Двадцать верст до станции на голодной старой лошади, единственной оставшейся после реквизиции и поминутно заваливающейся в сугробы, едешь четыре, пять часов. Поезд отходит в шесть утра. Станция никак не освещается; получаемый керосин станционное начальство, естественно, меняет на хлеб. В этом всё счастье. — Я везу с собою огарок, предоставляю его беспомощной в темноте кассирше и за это требую внеочередные билеты, а то не достанешь.
Медленно подходящего одноглазого поезда мы с женой ждем со страхом и сердцебиением; в скотский вагон без лесенок вскарабкиваемся и втискиваемся каждый раз почти с мордобитием. На Окружной, за семь верст до Москвы, вылезаем и, озираясь, как воры, быстро двигаемся в обход, чтобы милиционеры не отобрали картошку и дрова, эту минимальную базу всякой духовной деятельности.
Московская квартира — когда-то исполненная молодой, талантливой, разнообразной жизни, — холодная, сырая, вонючая, полна каких-то непонятных и чуждых друг другу людей.
В бывшей столовой проживает хромая армянка — ведьма, систематически крадущая у всех провиант и всё время кричащая, что её обкрадывают.
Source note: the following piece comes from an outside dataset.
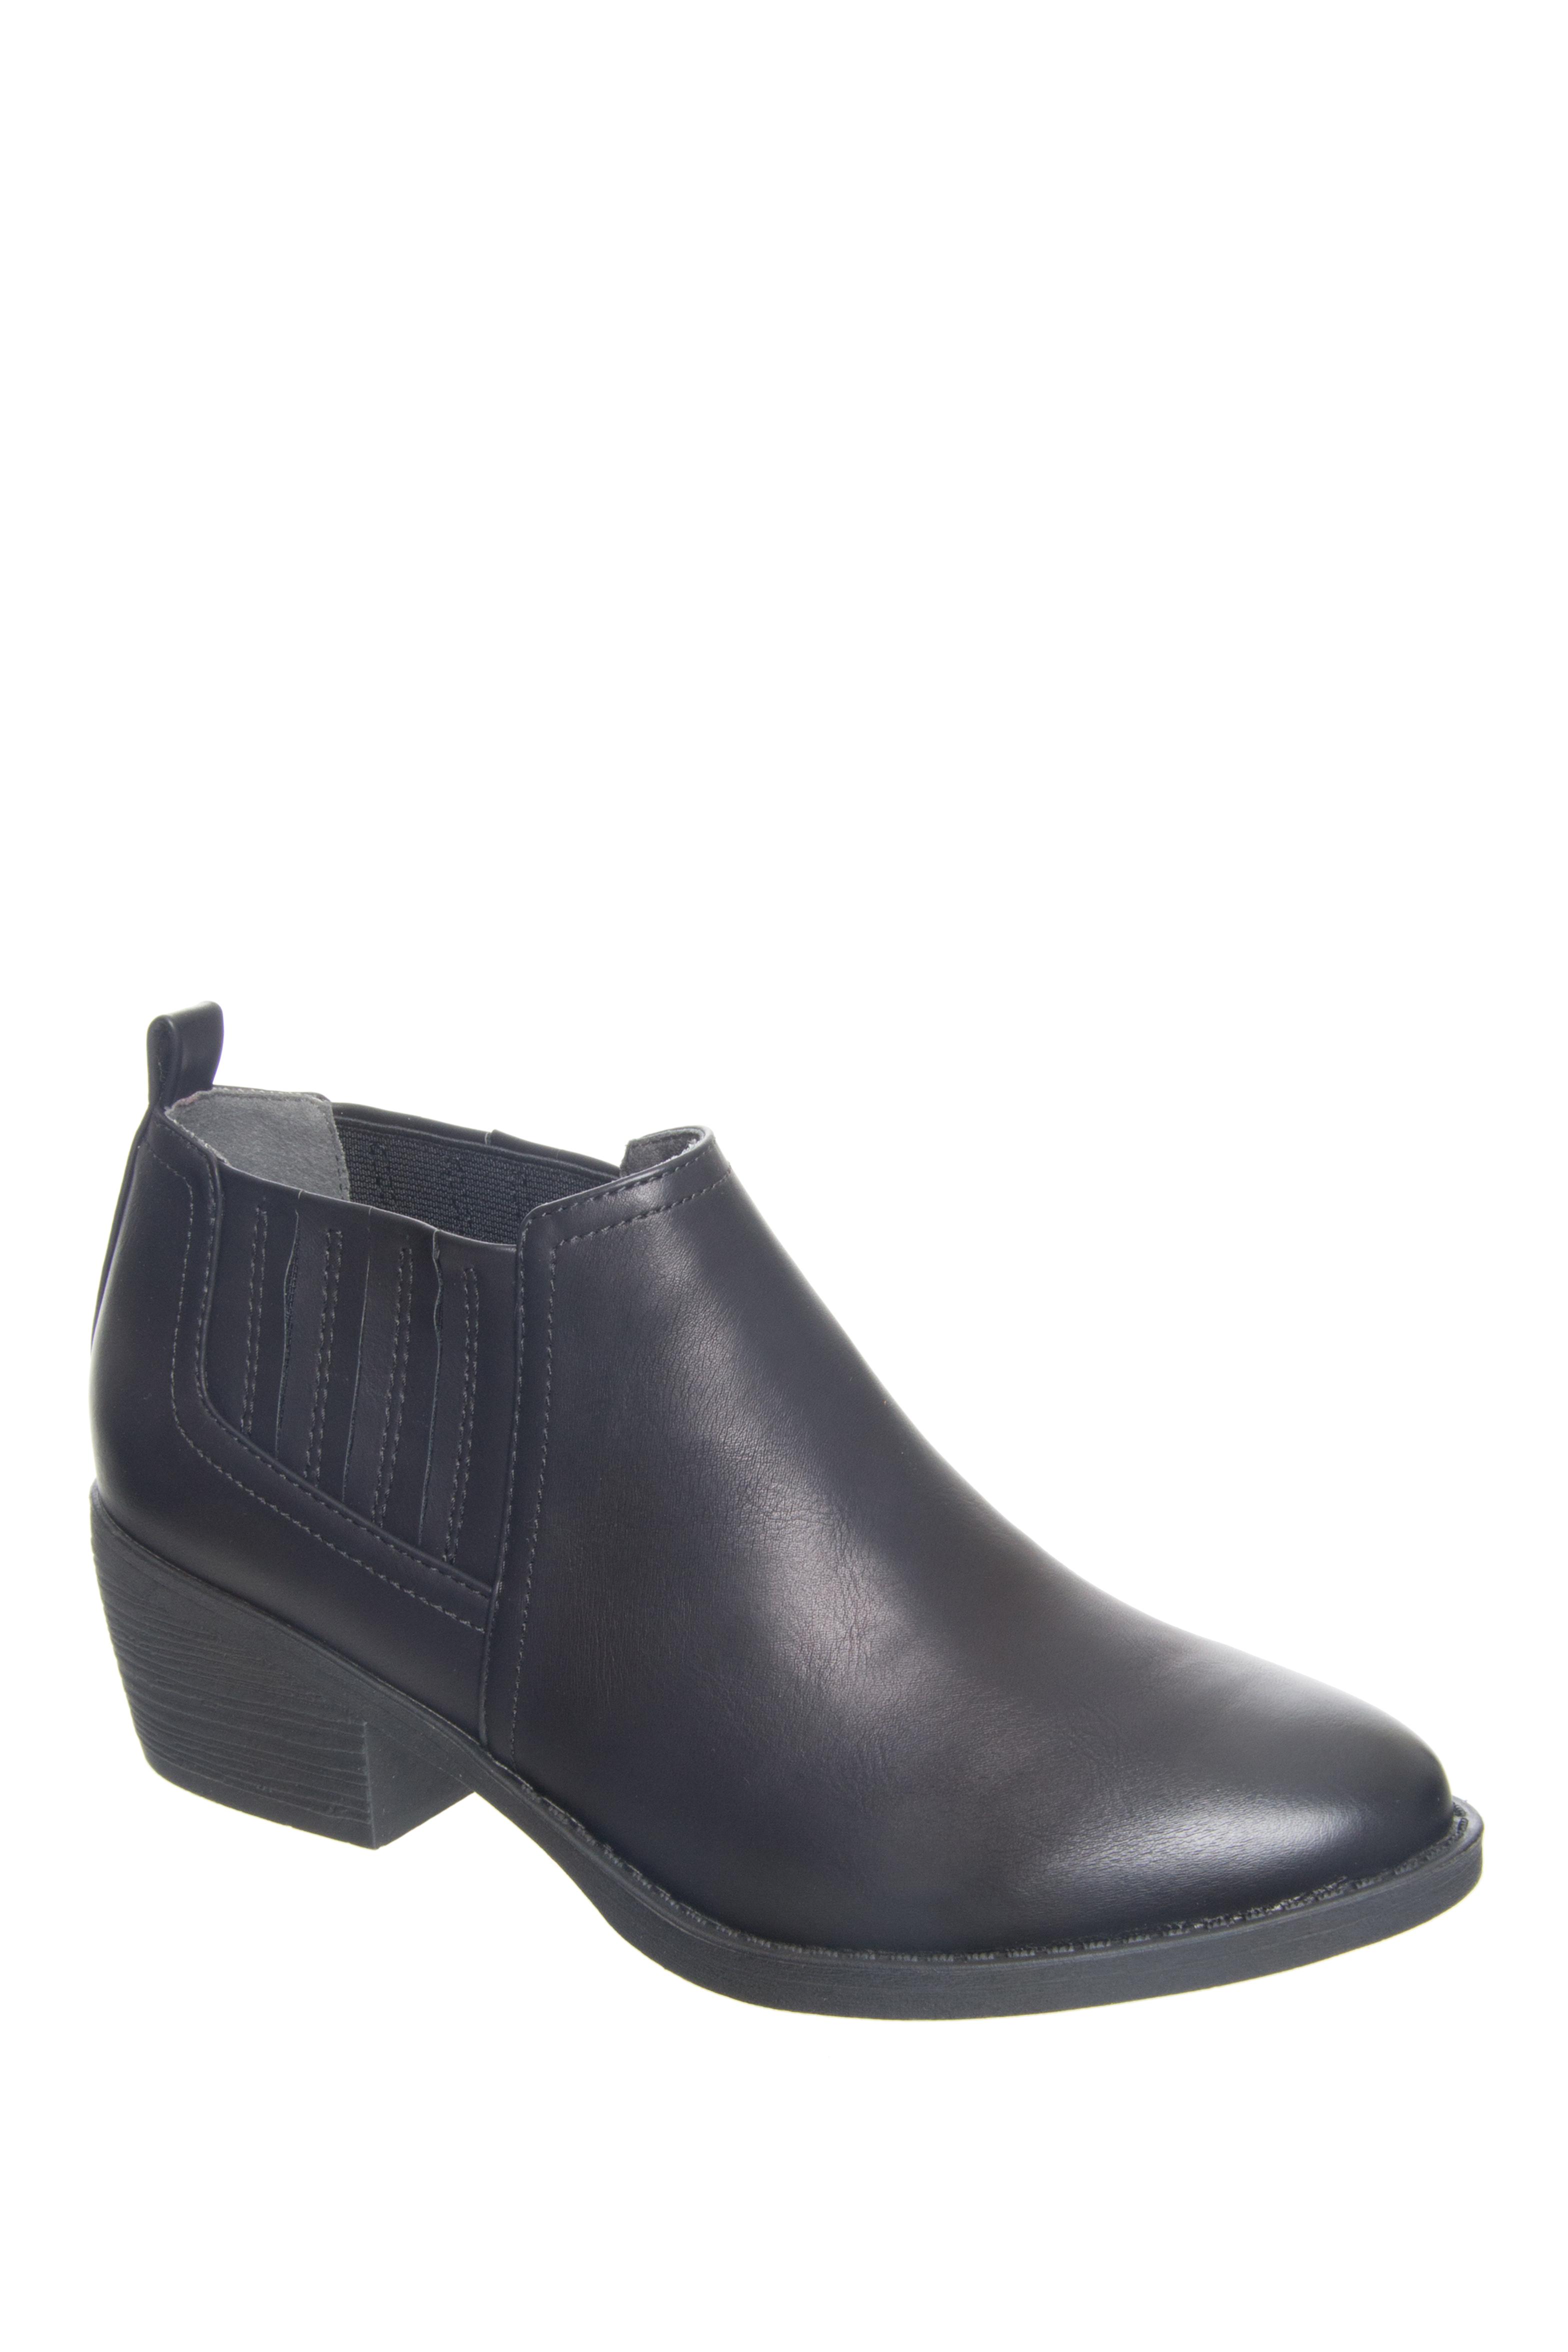 BC Footwear Angel Low Heel Slip-On Booties - Black

В задней комнате, в одно упирающееся в стену соседнего дома окно, грязное, забрызганное, словно заплеванное туберкулезной мокротой, — прозябает какая-то одинокая старуха-немка. В комнате жены веселится восемнадцатилетняя дочь нашей бывшей горничной, узломордая, крепкокостная, напудренная «совбарка», — и среди всего этого мира, в единственной всё ещё чётко прибранной комнате, ютится запуганная, но не сдающаяся представительница «прежней жизни», красивая, строгая, педантичная тетушка, которая «ничего не понимает и ничего не принимает».
Я целыми днями пропадаю в театре. Жена ухаживает за заболевшей немкой. Немка заражает её; она, в свою очередь, заражает свою тётку. Сама больная, она ухаживает за обеими больными; зовет доктора: у обеих испанка, осложнённая воспалением лёгких. Температура 40°, нужна камфара. Камфары нет. Знакомые через Каменева достают её для нас в Кремлёвской аптеке. Но еще нужно тепло, нужны дрова. Дров у нас также нет, как камфары. Мы с женой ночью взламываем чужой сарай и выкрадываем из него дрова, чтобы спасти умирающих.
Наутро я опять в театре, в который все: актеры, режиссеры и рабочие, пришли не только от такой же, но зачастую и худшей жизни, чем моя, — однако в нём всё же звучат прекрасные шекспировские слова, горят бенгальские, актёрские темпераменты, дрожат от холода бритые челюсти, по старым навыкам штампуются романы и невероятно патетически обсуждаются мероприятия против упорного запоздания и без того грошового жалованья.
Выбирается делегация к Луначарскому. В десять часов вечера я вместе с ещё тремя «делегатами» впервые вхожу в большевистский Кремль.
В Боровицких воротах проверка пропусков. Звонок к Луначарскому. Его ответный звонок в комендатуру. За воротами совершенно иной мир.
Яркий электрический свет, чистый девственный снег, здоровые солдатские лица, чётко пригнанные шинели — чистота и благообразие.
Пузатые колонны Потешного дворца. Отлогая, тихая лестница. Старорежимный седой лакей в галунах с очаровательно-подобострастной спиной. Большая передняя. Грандиозная, жарко топящаяся голландская печь. Дальше — зал, устланный ковром, и прекрасные звуки струнного оркестра.
Выясняется, что произошла ошибка. Мы должны были собраться на квартире Луначарского лишь на следующий день к десяти часам утра.
Когда я прихожу домой, жена встречает известием, что безродная немка скончалась.
Ближайшие дни проходят в хлопотах о погребении. Оказывается, что быть похороненным в Советской России гораздо труднее, чем быть расстрелянным.
Удостоверение домового комитета, право и очередь на покупку гроба, разрешение на рытье могилы, «преступная» добыча пяти фунтов хлеба на оплату могильщика — всё это требует не только времени, но и какой-то новой, «советской» изворотливости.
Мы хлопочем об умершей с величайшим напряжением, но упорнее нас хлопочут над трупом совершенно ошалевшие от голода крысы. Когда в наших руках оказываются наконец все пропуска и разрешения, у злосчастной немки оказываются сожранными щеки и ступни.
Через несколько дней назначается открытая генеральная репетиция «Меры за меру». Гениальная пьеса идет в общем совсем хорошо. Главные сцены Анжело с Изабеллой звучат сильно и умно; и все же, невероятно чуткая ко всему современному, ибо на половину своего состава молодая, солдатская и пролетарская аудитория наиболее дружно откликается на бессмертные сцены шута с палачом.